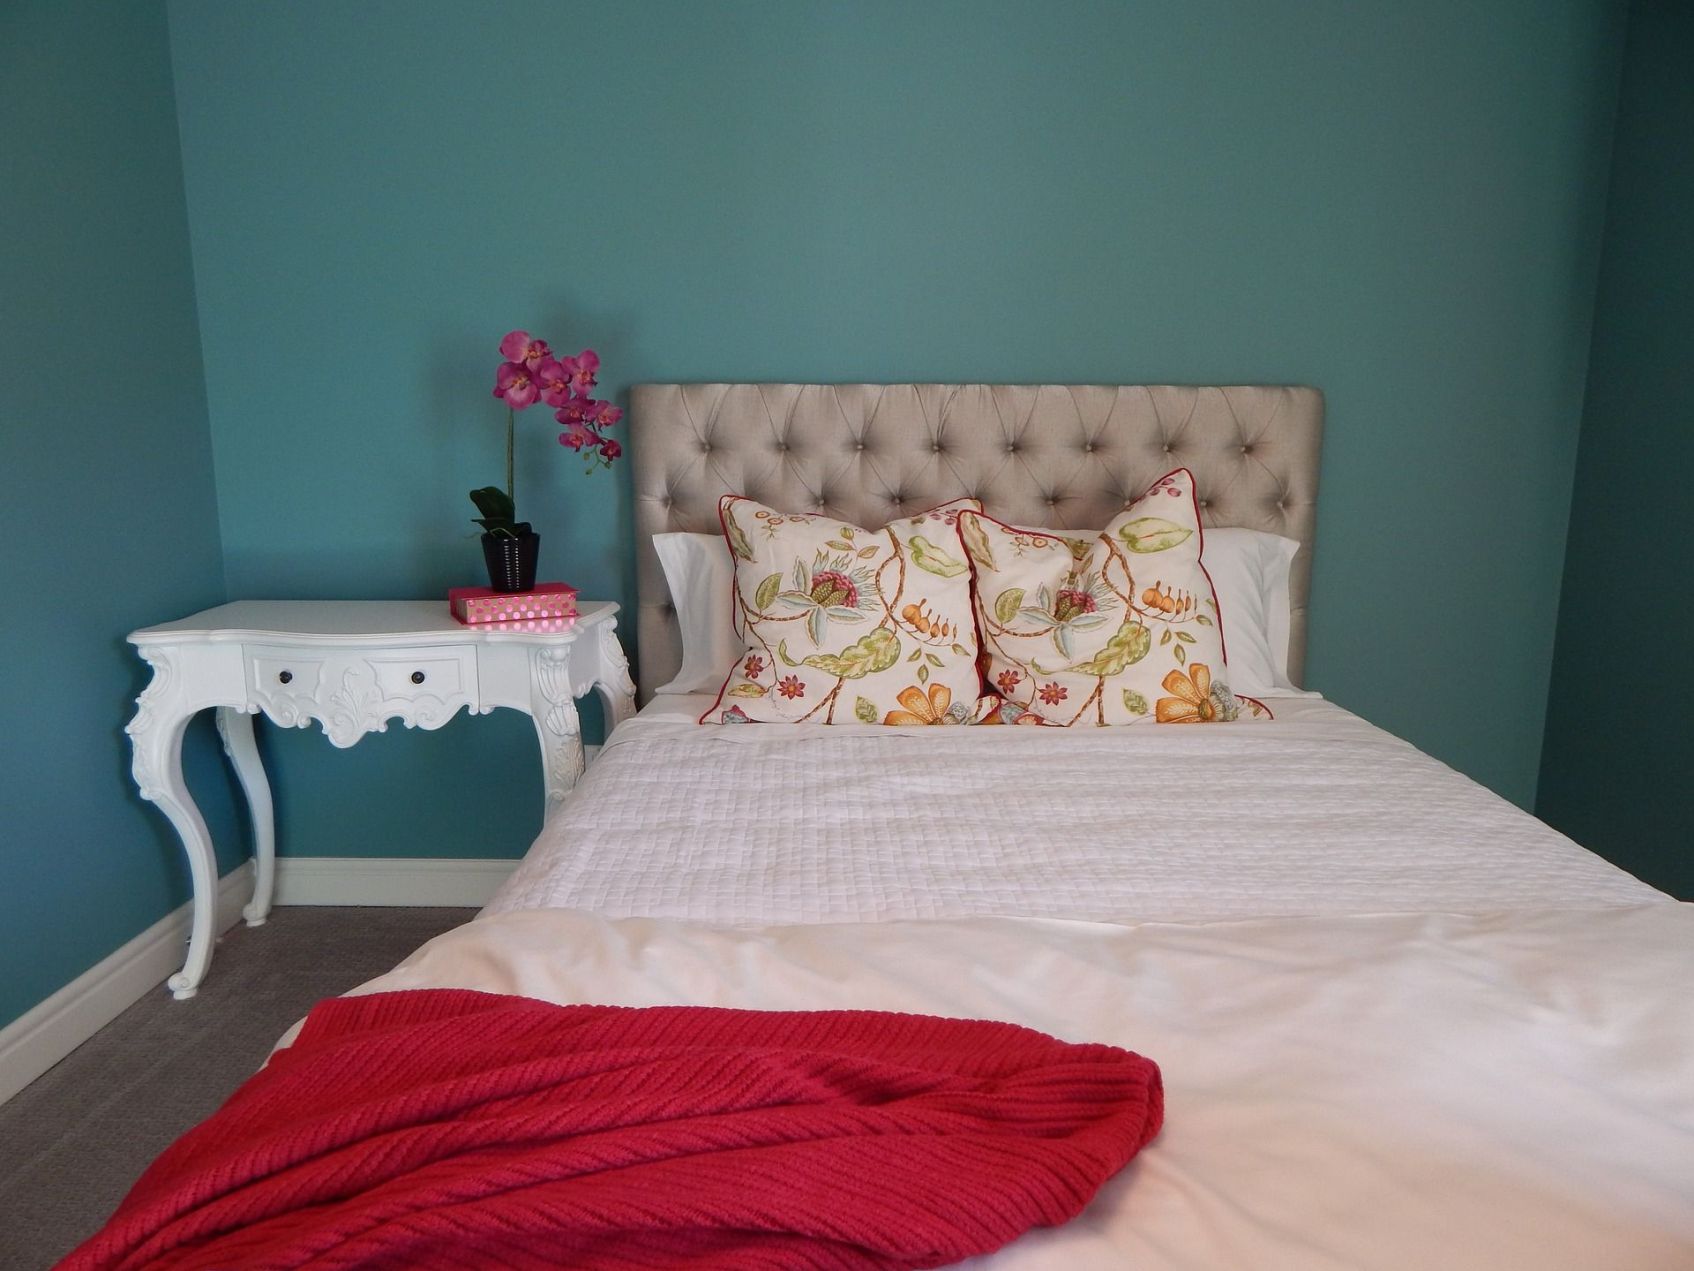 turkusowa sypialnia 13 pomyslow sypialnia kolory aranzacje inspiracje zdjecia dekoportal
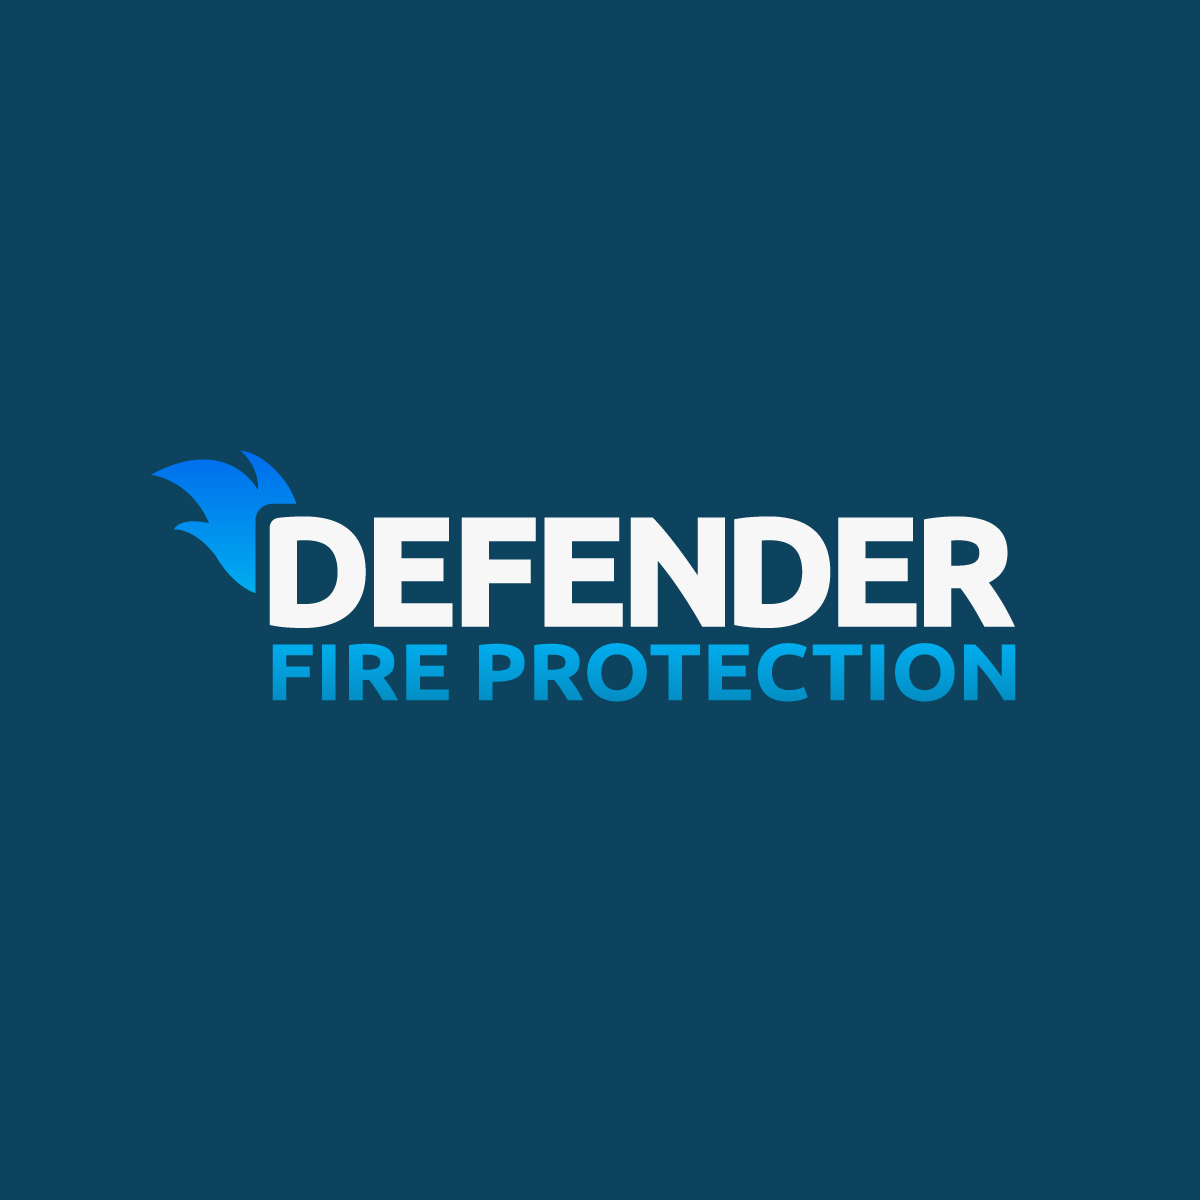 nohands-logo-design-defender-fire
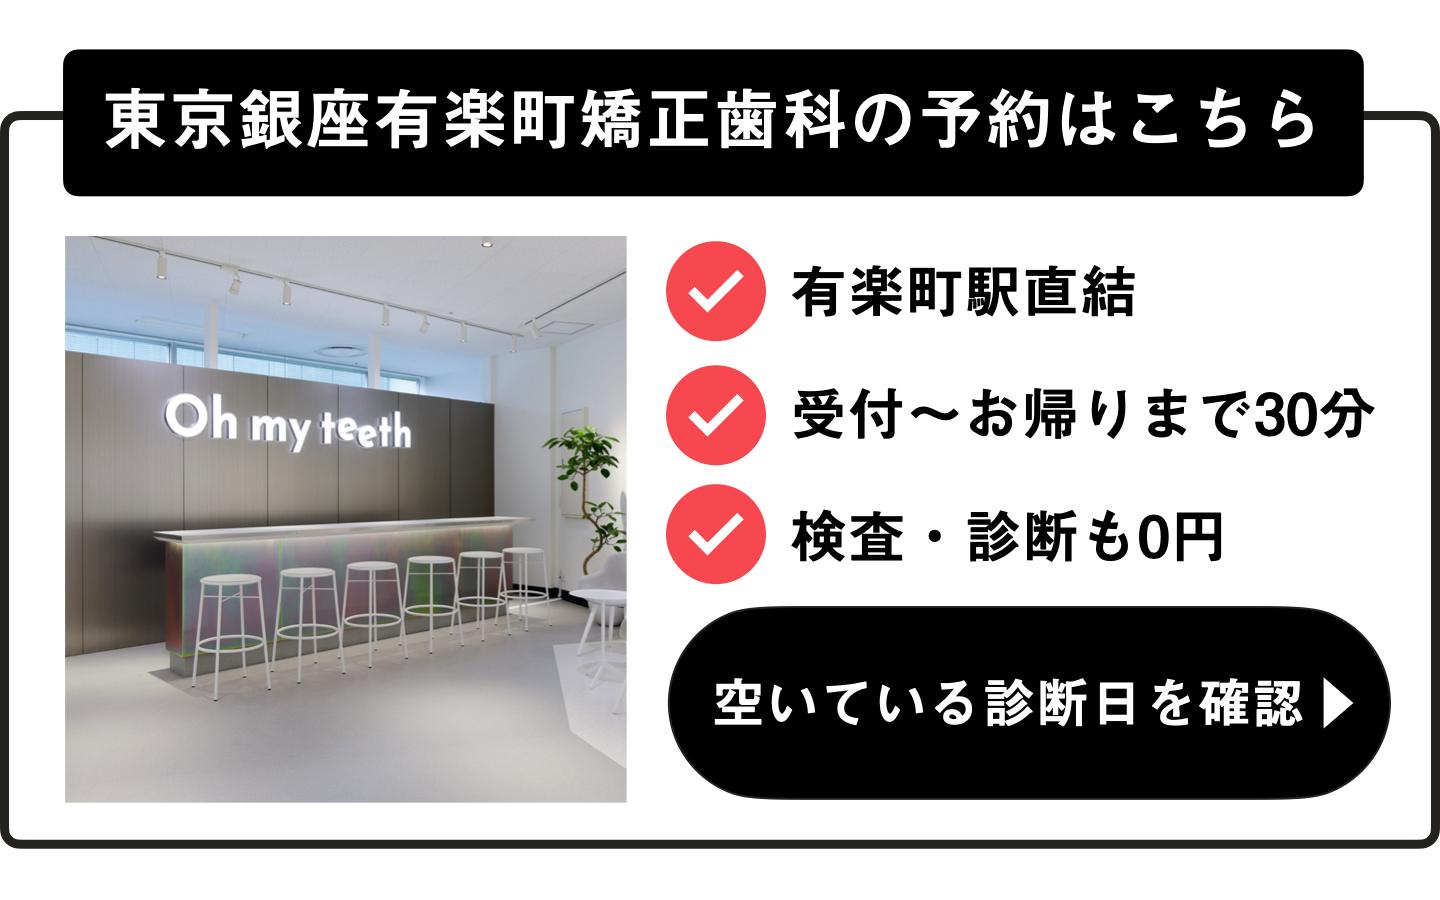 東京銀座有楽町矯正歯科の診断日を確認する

--- --- ---

Retype the listing exactly. Skip every picture.

 turkusowa sypialnia 13 pomyslow sypialnia kolory aranzacje inspiracje zdjecia dekoportal
 nohands-logo-design-defender-fire
 東京銀座有楽町矯正歯科の診断日を確認する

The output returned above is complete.